# Diamondhead International steamup 2016



## Charles (Jan 2, 2008)

Here is a video of the event this past week:

DH 2016


----------



## David Leech (Dec 9, 2008)

Thanks Charles.
Seeing people with their flashlights makes me think that it still isn't very light at the track!
Cheers,
David Leech, Delta, Canada


----------



## artgibson (Jan 2, 2008)

*Adiamond head videos*

thanks Charles. Been waiting for some good videos. The K-4 looks good and so do the others.
Looking forward to running her myself. Job well done.


----------



## Taperpin (Jan 6, 2008)

Charles,
Big thank you from down under too, I really miss Diamondhead and its people..

Gordon.


----------



## Charles (Jan 2, 2008)

David
We call it "candle light" running giving special mood to operating there.

Art
The K4 had excellent runs both on alcohol and coal

Gordon
You were there in spirit, given the numerous time your name was associated with Accucraft.


----------



## steamtom1 (Jan 2, 2008)

And DH is not just trains, as seen here...


----------



## artgibson (Jan 2, 2008)

*Diamondhead videos*



Charles said:


> David
> We call it "candle light" running giving special mood to operating there.
> 
> Art
> ...


----------



## Charles (Jan 2, 2008)

Art
Yes, he enjoyed the opportunity!


----------



## Jerry Barnes (Jan 2, 2008)

Nice video Charles. Seemed to be a lot of MDC/Piko cars in the trains. I use them also.


----------



## Jim Overland (Jan 3, 2008)

Nice pullman coaches on the A4

jim


----------



## Charles (Jan 2, 2008)

Jerry
Mainly "house cars" to keep something moving on the rails.

Jim
We missed you and the coal fired Mike....


----------



## Charles (Jan 2, 2008)

*Photos of steamup*

Starting the process of photo upload

DH 2016 Photos


----------



## Kovacjr (Jan 2, 2008)

Chuck, I'm not seeing 2016 images in that link.


----------



## Charles (Jan 2, 2008)

Jay
The first 11 photos in the album are labeled DH16 starting with the "hog heaven"....


----------



## livesteam5629 (Jan 2, 2008)

Hey Chuck
These are old pics. I know because Harry Q was at Cabin Fever at 88 years old...Happy Birthday Harry.
Noel


----------



## Charles (Jan 2, 2008)

livesteam5629 said:


> Hey Chuck
> These are old pics. I know because Harry Q was at Cabin Fever at 88 years old...Happy Birthday Harry.
> Noel



Noel
Not so....the photo of Harry at DH is just a album shot and does not indicate DH16. I know that the album listing of DH16 photos are available by the hundreds of viewing hits. The listing will continue to change as I get time to upload but all "new DH" photos are titled DH16
For example the newest photo is:

PRR K4 REA

That above link is a new production offering by gal line in 1:32


----------



## scottemcdonald (Jan 11, 2008)

One more video to add: 




Scott


----------



## bonzo1953 (Dec 27, 2007)

Here is some more video from Diamondhead 2016.

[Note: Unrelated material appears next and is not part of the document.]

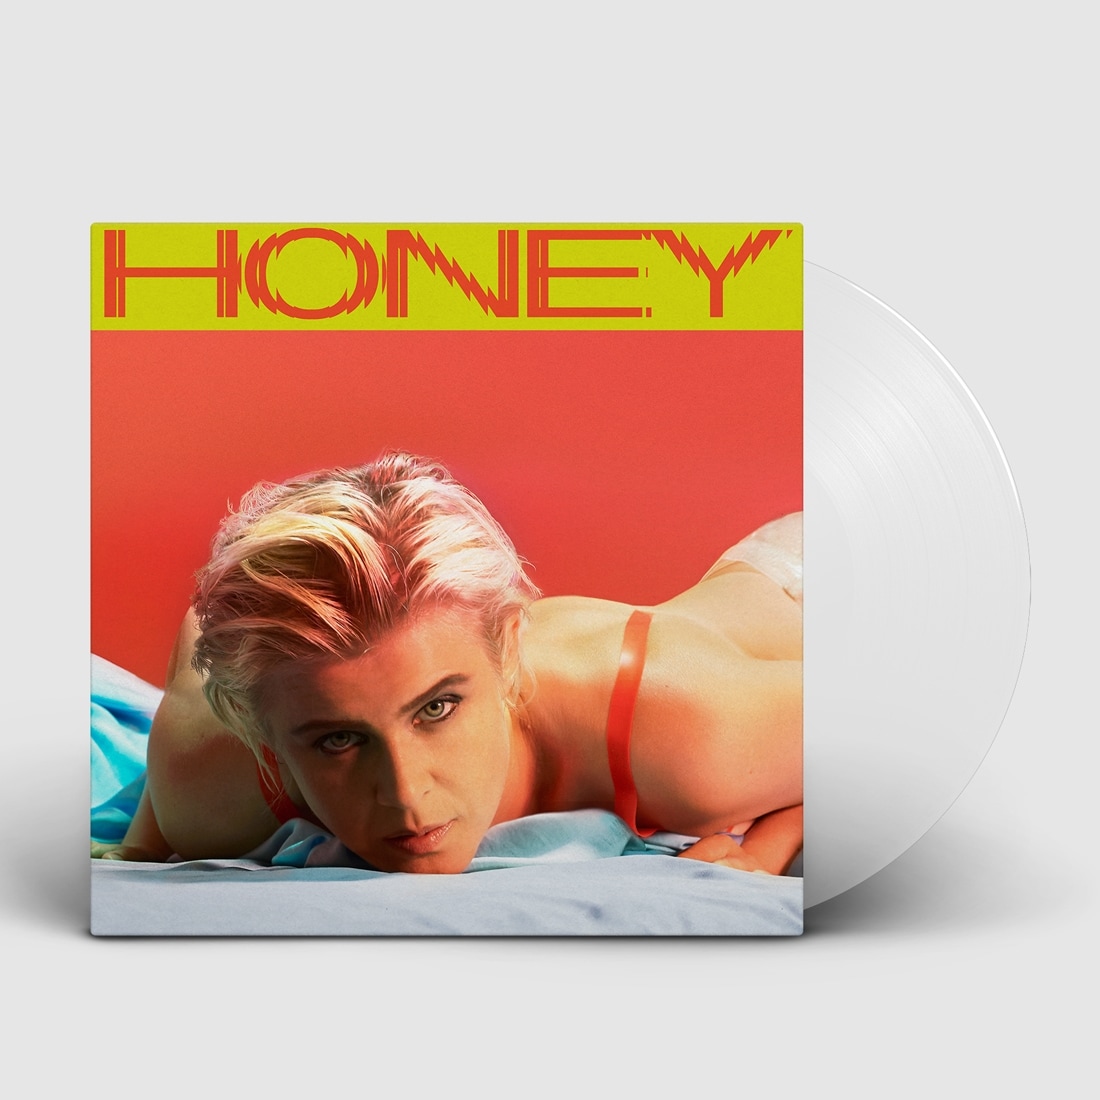 Альбом развлечение. Robyn "Honey". Solar Honey обложка. Robyn Music album. Tupelo Honey обложка композитор.

It was great to see everyone again.
Time sure flies when your having fun.

Keep 'em Steamin'
John Garrett


----------



## Larry Green (Jan 2, 2008)

It appears that the live steam hook has been firmly set in Chris, with the purchase of his second steam engine and his video efforts.

Also, proof that DH is more than just trains--Mike and Tom enjoying their DQ treats. A DQ Blizzard a day has become my ritual. (We don't have DQs in VT.)

Sorry I missed the Cricket Chirp-up. It looked like fun, and much more orderly than a previous Shay-up I witnessed some years back.

Larry


----------



## Charles (Jan 2, 2008)

John and Scott
Thanks for posting your video coverage of DH16


----------



## Jim Overland (Jan 3, 2008)

good angles , Scott


----------